Fig. 1 is a schematic workflow diagram of a backup method of an optical path according to an embodiment of the present invention;

fig. 2 is a schematic flowchart of a fault recovery operation in an optical path backup method according to an embodiment of the present invention;

fig. 3 is a schematic structural diagram of an optical path backup apparatus provided in part by the embodiment of the present invention.

Detailed Description

In order to make the aforementioned objects, features and advantages of the present invention comprehensible, embodiments accompanied with figures are described in further detail below.

The current 5G network construction has high requirements on transmission, particularly forward access, and is a trend based on a C-RAN construction mode, the transmission, particularly the forward access network construction faces many challenges, the rapid and low-cost construction of the 5G network is restricted, in order to save optical fiber resources and ensure the reliability of an optical path, an optical path backup method and an optical path backup device are researched to achieve the purpose of saving the optical fiber resources and achieve the backup and seamless switching of the optical path, so that the reliability of the 5G network transmission access network can be greatly improved, the optical fiber resources are saved, and the construction cost is reduced. The method and the device have the advantages of simple realization, convenient use, low cost and high stability, and effectively solve the problems of limited optical fiber resources, limited optical path reliability and the like.

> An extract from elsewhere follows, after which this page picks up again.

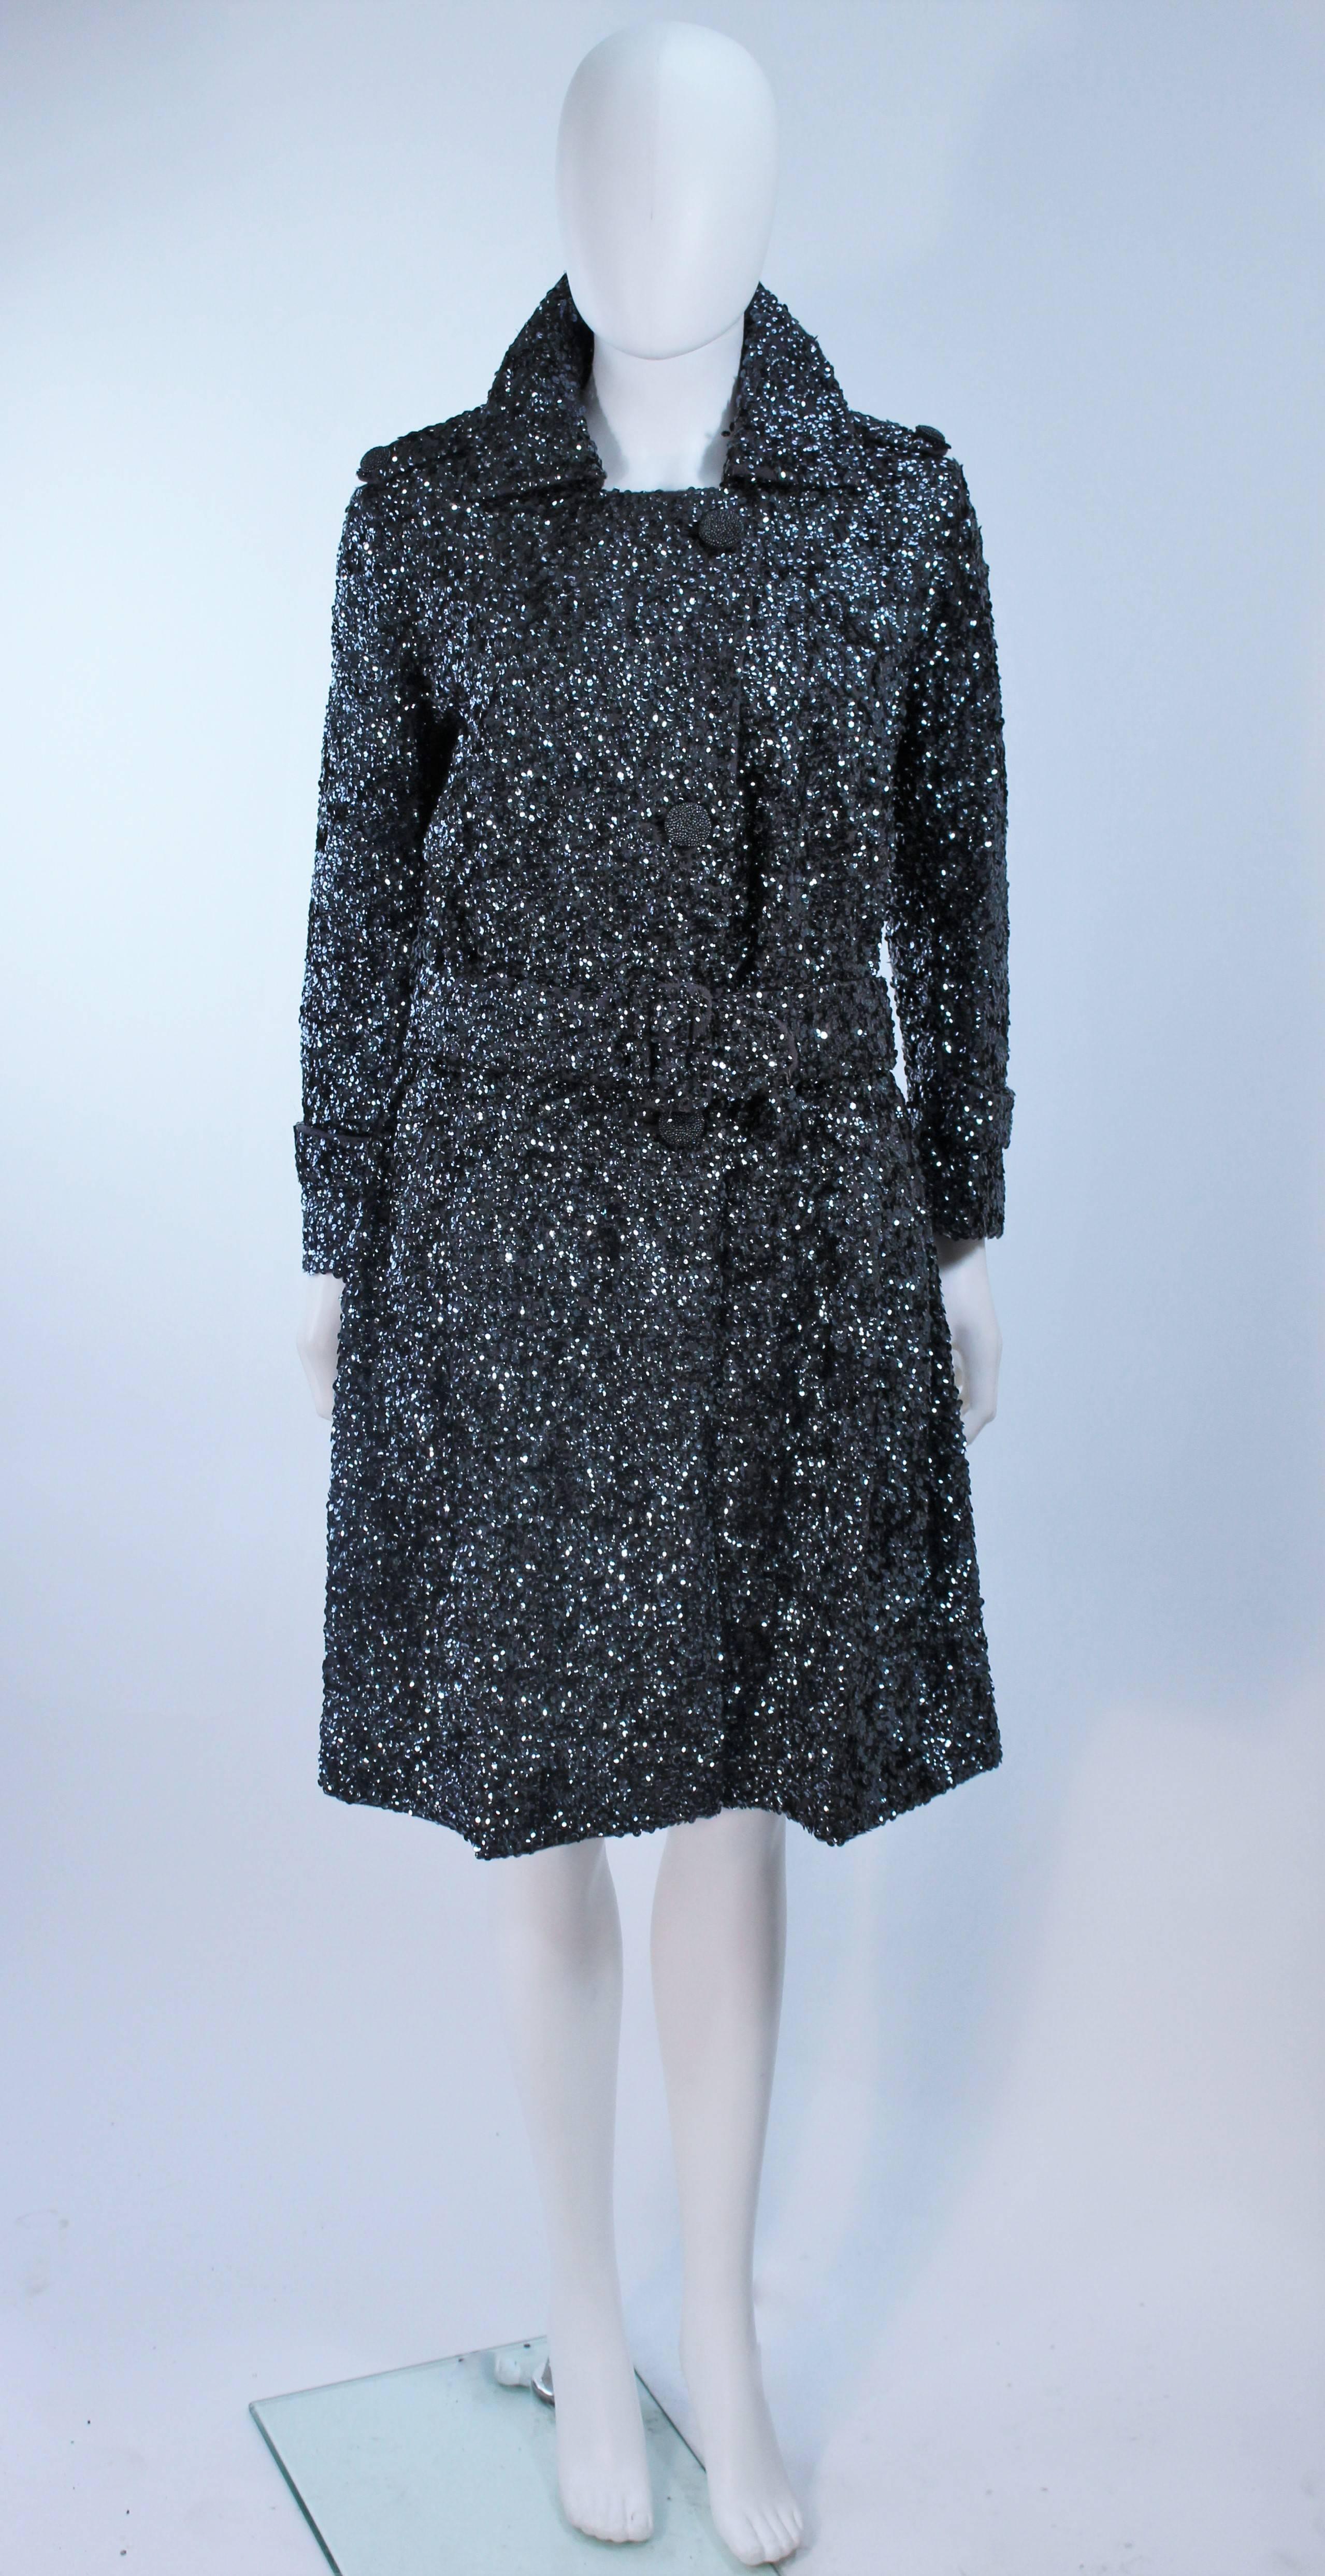  This coat is composed of a sequin wool in a silver color with gunmetal hue sequins. There are center front snap closures and the same style buttons at the shoulders as accents. A great vintage design, needs sequin restoration on the collar and

In specific application, the method is particularly suitable for scenes that need BBU centralized deployment, such as large optical fiber resource demand, limited optical fiber resources, difficult station optical fiber resource deployment and the like, for example: hub building core machine room, airport, subway, large office, commercial district and other BBU centralized stations; the optical wave convergence ratio of the optical path backup device can be considered according to the centralized quantity of the BBUs, one set of optical path backup device can simultaneously support access of more BBUs, particularly a shared scene of co-construction of multiple operator machine rooms is realized, the fusion and sharing of optical fiber resources are realized, and the resource utilization is maximized.

The invention aims to overcome the defects of the existing 5G network transmission scheme, particularly the transmission access network scheme, and provides a light path backup method and a device, wherein the method is operated on the light path backup device. Referring to fig. 1, which is a schematic diagram of a work flow of an optical path backup method provided in an embodiment of the present invention, the optical path backup method according to the embodiment of the present invention includes the following steps:

step 1, setting a main optical path and a standby optical path, and connecting the main optical path or the standby optical path to a wavelength division multiplexing module through a change-over switch of an optical path switching module to perform system backup; in this step, at the same time, the switch connects the wavelength division multiplexing module to only one optical path, that is, the switch connects the wavelength division multiplexing module to only one of the main optical path and the standby optical path. In this embodiment, the default wavelength division multiplexing module is connected to the main optical path.

Step 2, initializing an abnormal threshold and a light path switching mode parameter, and determining a light path switching mode according to the light path switching mode parameter, wherein the abnormal threshold comprises a light power value abnormal threshold and a light power abnormal accumulated duration threshold, and the light path switching mode comprises an automatic mode and a manual mode; in this step, the optical power abnormal accumulated time threshold is an accumulated time threshold that generates an optical power value abnormality. The abnormal threshold value and the optical path switching mode parameter are remotely set by a network management center or locally preset by a field operation maintenance terminal and are stored in a nonvolatile register of the device.

During initialization, the monitoring module reads corresponding parameter values from the local nonvolatile register and assigns values to the corresponding parameters, so that a light path switching mode is determined. In this embodiment, the range of the optical power value abnormal threshold is set to-12 dBm to-5 dBm, the default value is-10 dBm, the abnormal accumulated time threshold is set to 15 milliseconds, and the switching mode between the main optical path and the standby optical path is an automatic mode.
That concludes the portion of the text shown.